A steady drip of leaks about the committee’s findings over its nearly 11 months of work threatens to color the proceedings as a rehash for an insurrection-news-fatigued audience.

But committee Chairman Bennie Thompson, a Mississippi Democrat, says these hearings are designed to “give the public the benefit of what more than a year’s worth of investigation has borne to the committee.”

Whether that is enough to alter perceptions of the attack is another matter. Timothy Naftali, a former director of the Nixon Presidential Library who is now a historian at New York University, said, “I think it would take something extraordinary” from the hearings to change views of the public. Earlier, Americans found themselves spellbound with the opposing stories told in 1948 by Alger Hiss and Whittaker Chambers during House un-American Activities Committee hearings.

Testimony by top tobacco industry chiefs in 1994 that they didn’t believe cigarettes were addictive amazed the public and proved a turning point in regulation. The first impeachment hearings of Donald Trump produced memorable moments, and made minor celebrities of people such as Army Lt. Col. Alexander Vindman, but failed to sway enough Senators for conviction.
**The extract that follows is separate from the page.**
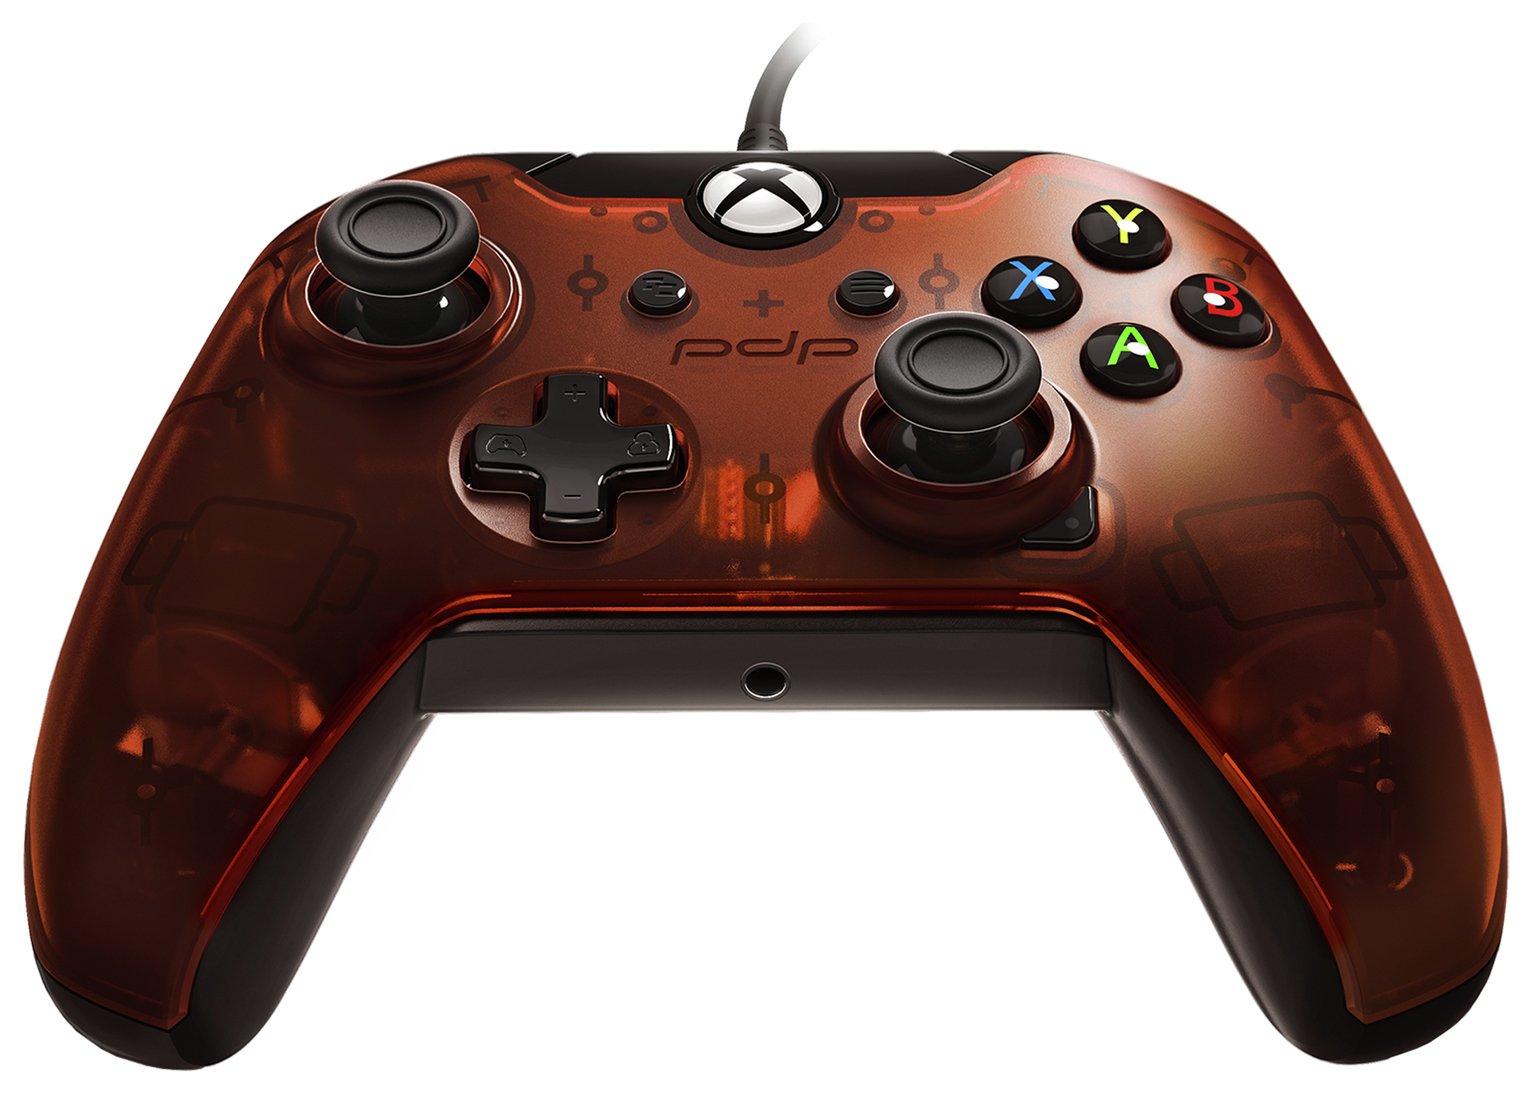 PDP Xbox One Controller Orange - £13.99 @ Argos

One aim of the Jan. 6 panel is to put down the foundation for legislative changes they want to make to an 1887 law governing the congressional certification process, a way to guard against future efforts to undermine election results. The assault on the Capitol came as lawmakers were certifying the results of the 2020 presidential election, a previously ceremonial event that Trump supporters tried to halt by force.
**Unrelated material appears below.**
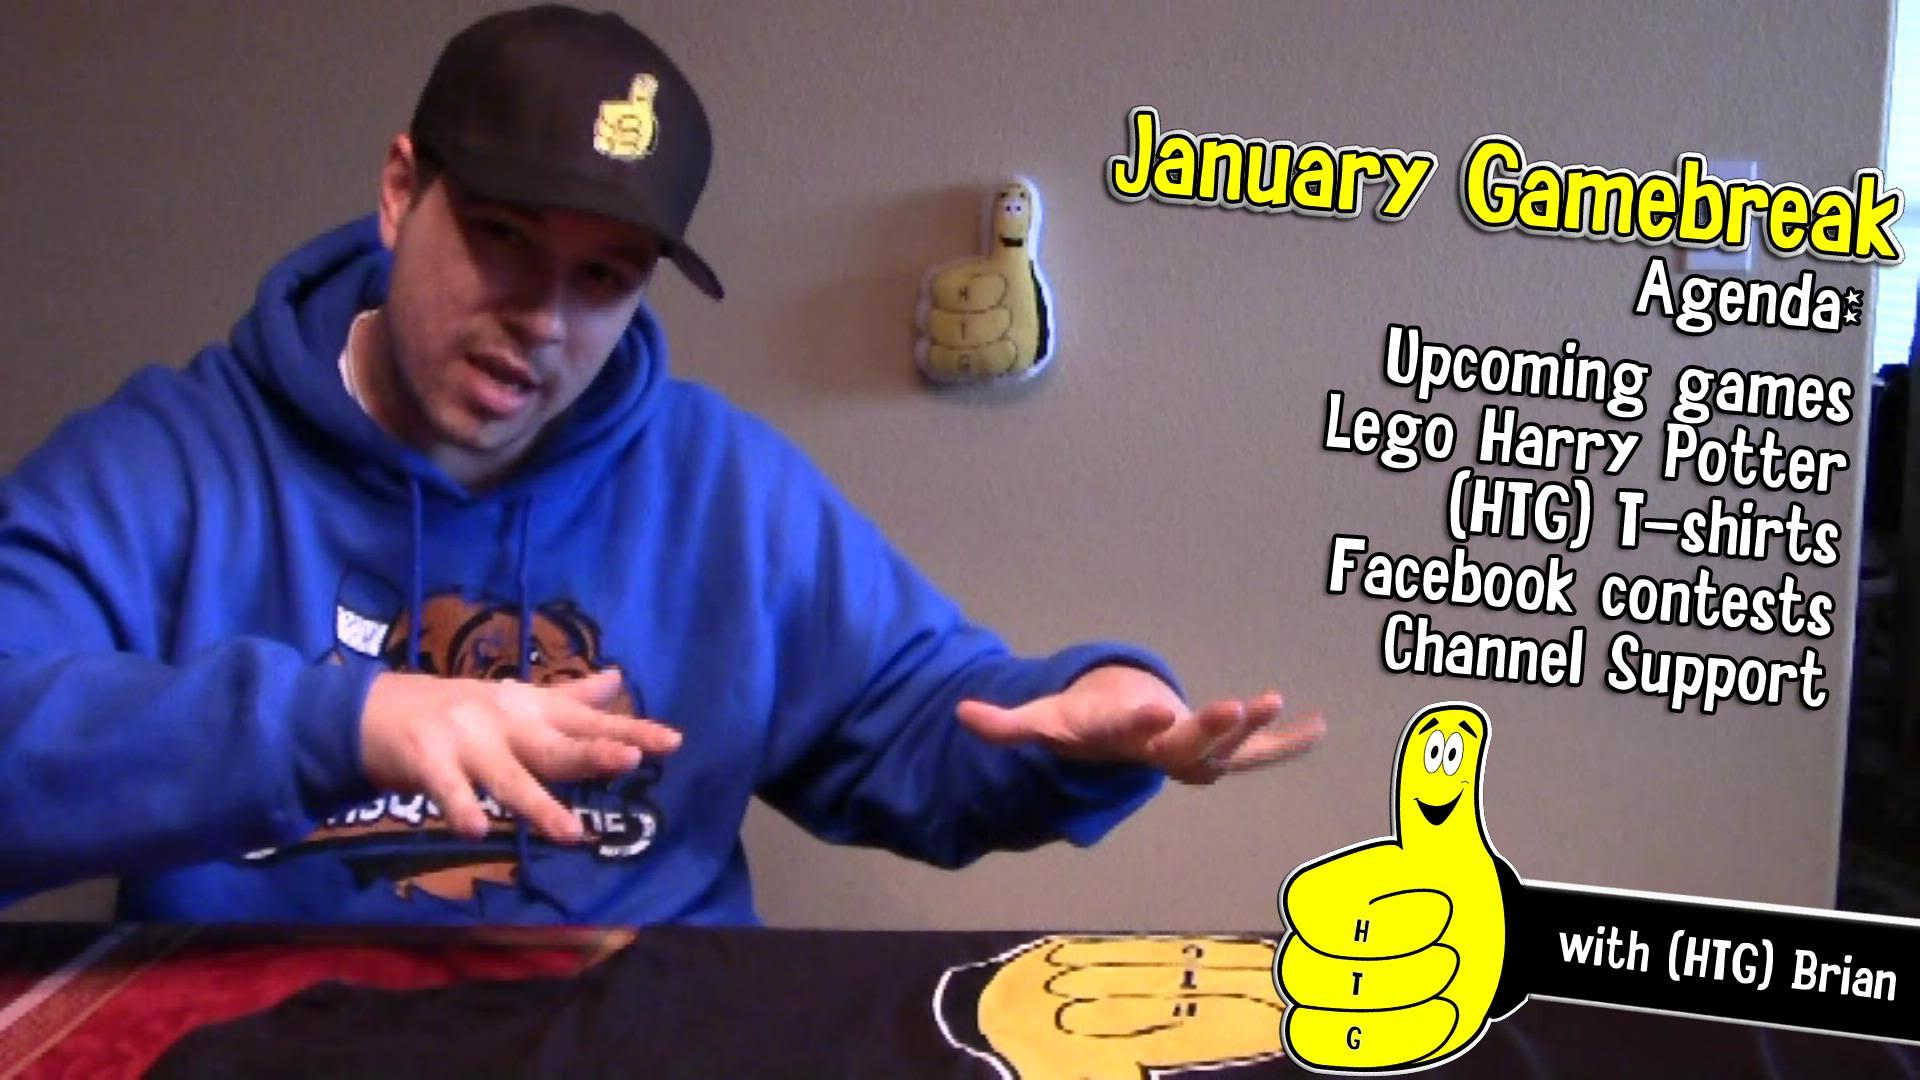 Gamebreak: January 2015 with Brian – HTG

Despite the searing video and images, the assault never became the sort of shared national trauma that Watergate or the Sept. 11, 2001 attacks or Pearl Harbor did, each of which galvanized public opinion across the political spectrum, Naftali said.

Rather, Naftali argues Trump and Republicans largely have been insulated from accountability by deep social and political divisions.

There are conflicting signals coming from the nine Jan. 6 committee members in how much to promise as they try to organize information in an understandable way from more than 1,000 private interviews or depositions, more than 100,000 records, miles of video footage, and witness testimony.

Court papers, sworn testimonies and other investigative documents indicate that Justice Department officials Jeff Rosen and Richard Donoghue, along with aides to aides to former Vice President Mike Pence, including his former chief of staff Marc Short and former general counsel Greg Jacob, may appear.

Others who might testify include Cassidy Hutchinson, a former aide to the last Trump White House chief of staff Mark Meadows, and Keith Kellogg, a retired Army lieutenant general and Pence aide who was with Trump on Jan. 6.

Some panel members such as Representative Jamie Raskin, a Maryland Democrat, say they “will tell a story that will really blow the roof off the House.” Others, like Logren and Representative Pete Aguilar, California Democrats, are more circumspect in that the job is to present information credibly and accessibly for a wide swath of the American public.

“I think we should be honest about the expectations,” Aguilar said. “Our job is to tell the truth. It’s not to, you know, create the next Marvel movie.”